▶ Data:
BEGIN

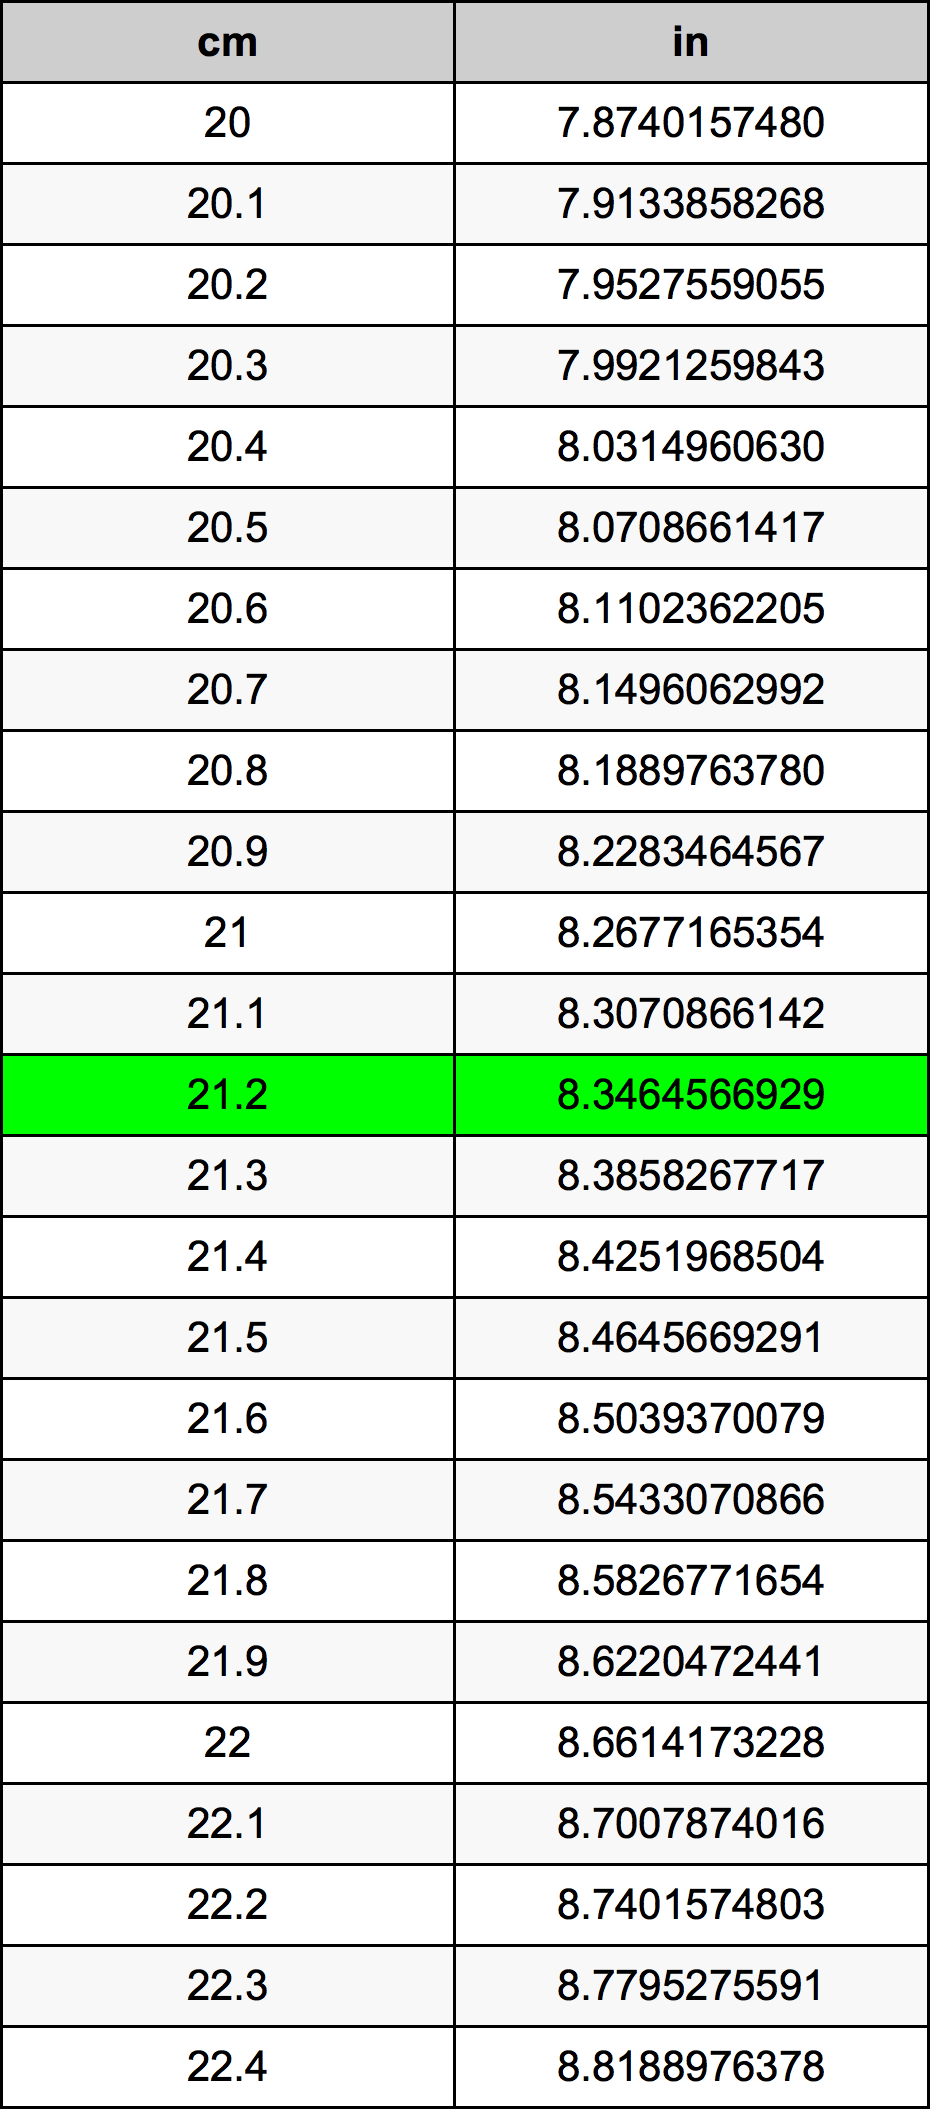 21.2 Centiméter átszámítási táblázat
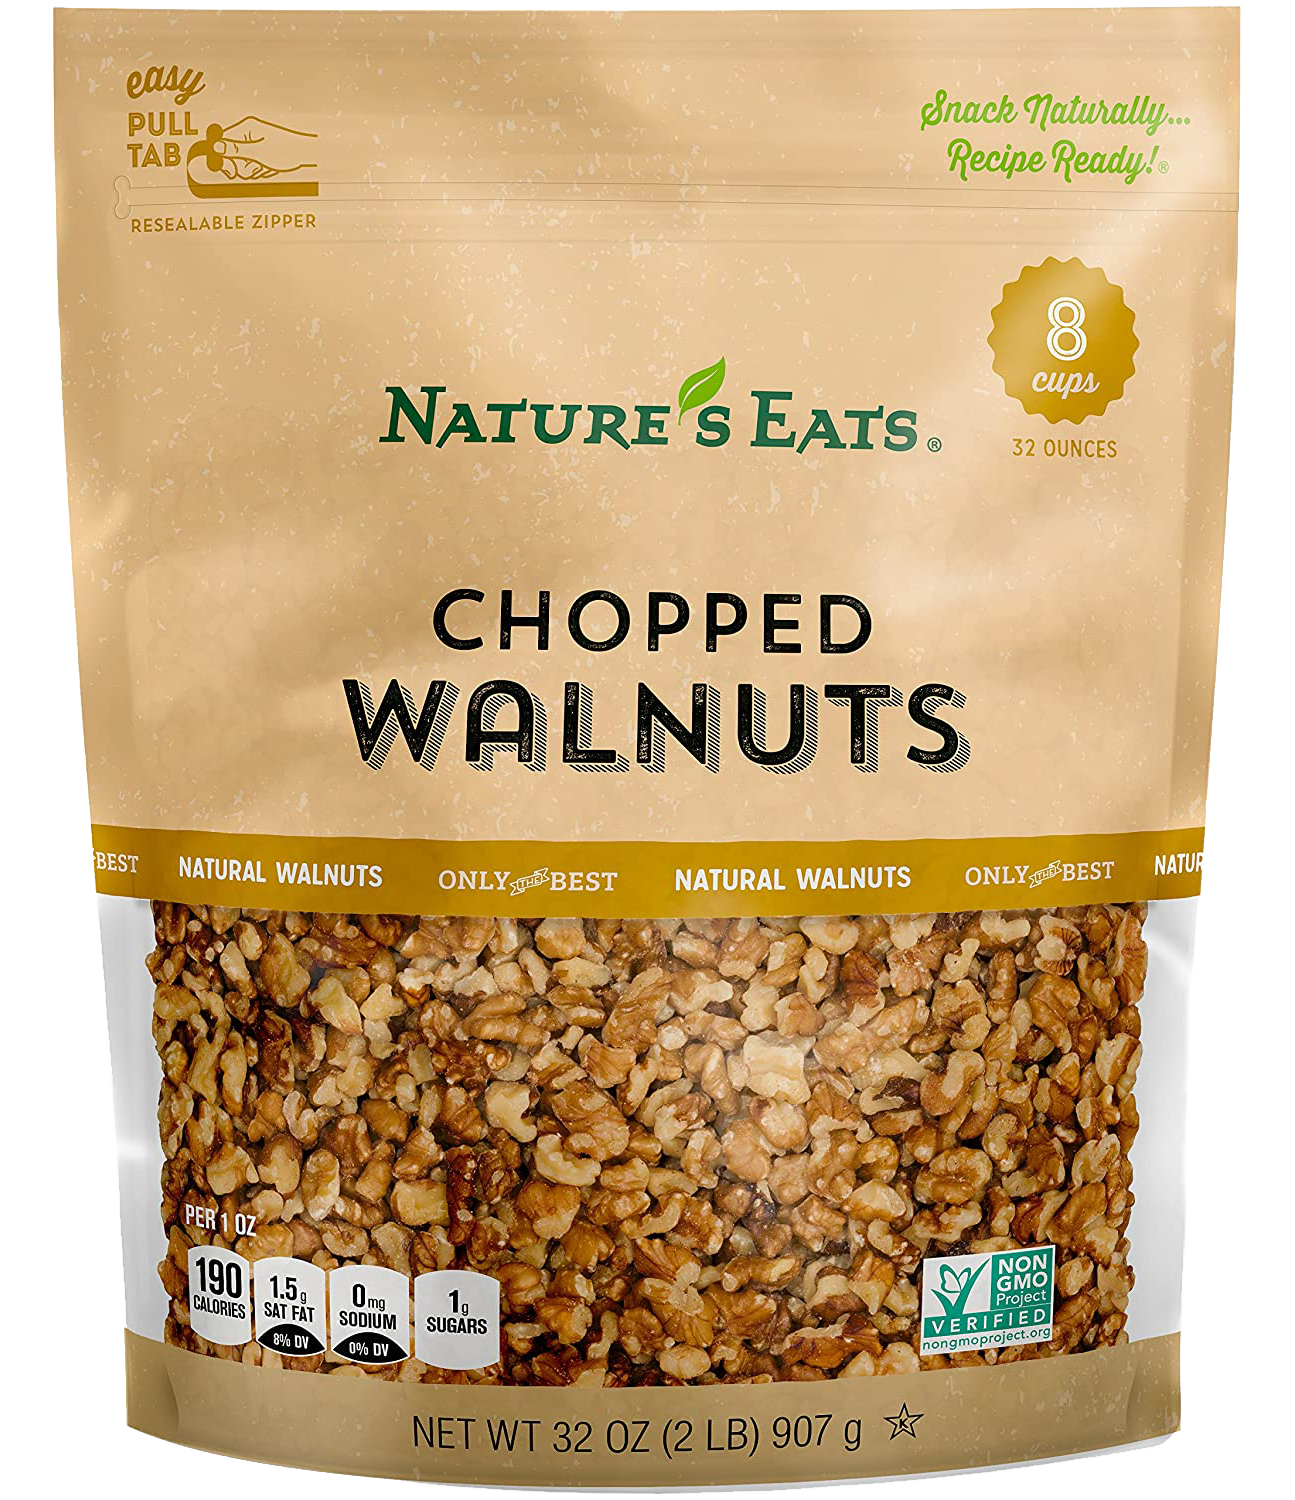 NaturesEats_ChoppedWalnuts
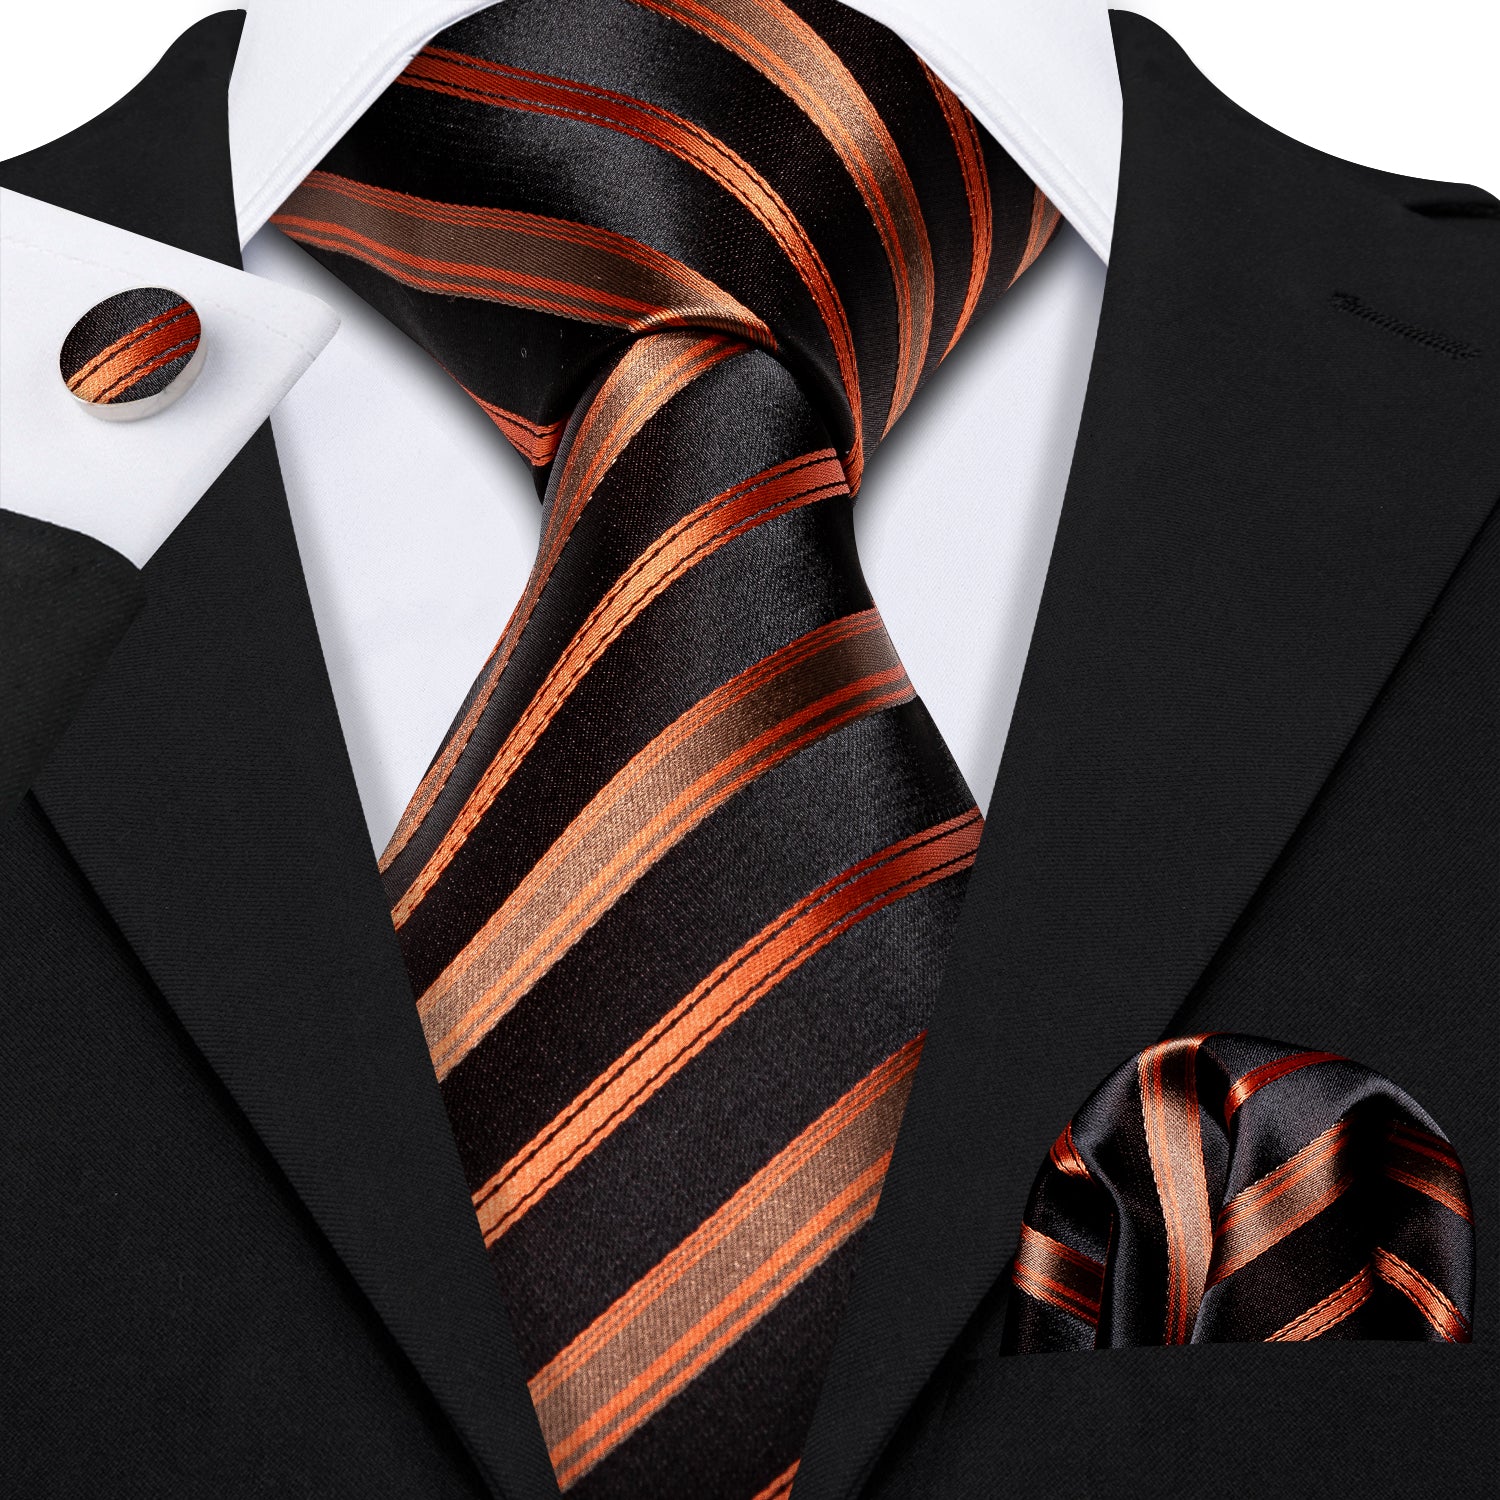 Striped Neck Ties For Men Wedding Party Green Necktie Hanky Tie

END

▶ Work to complete: Only the lines from the one with "NaturesEats_ChoppedWalnuts" through the last line above belong in the answer. Reproduce them exactly, without the pictures.

▶ Answer to this problem:
 NaturesEats_ChoppedWalnuts
 Striped Neck Ties For Men Wedding Party Green Necktie Hanky Tie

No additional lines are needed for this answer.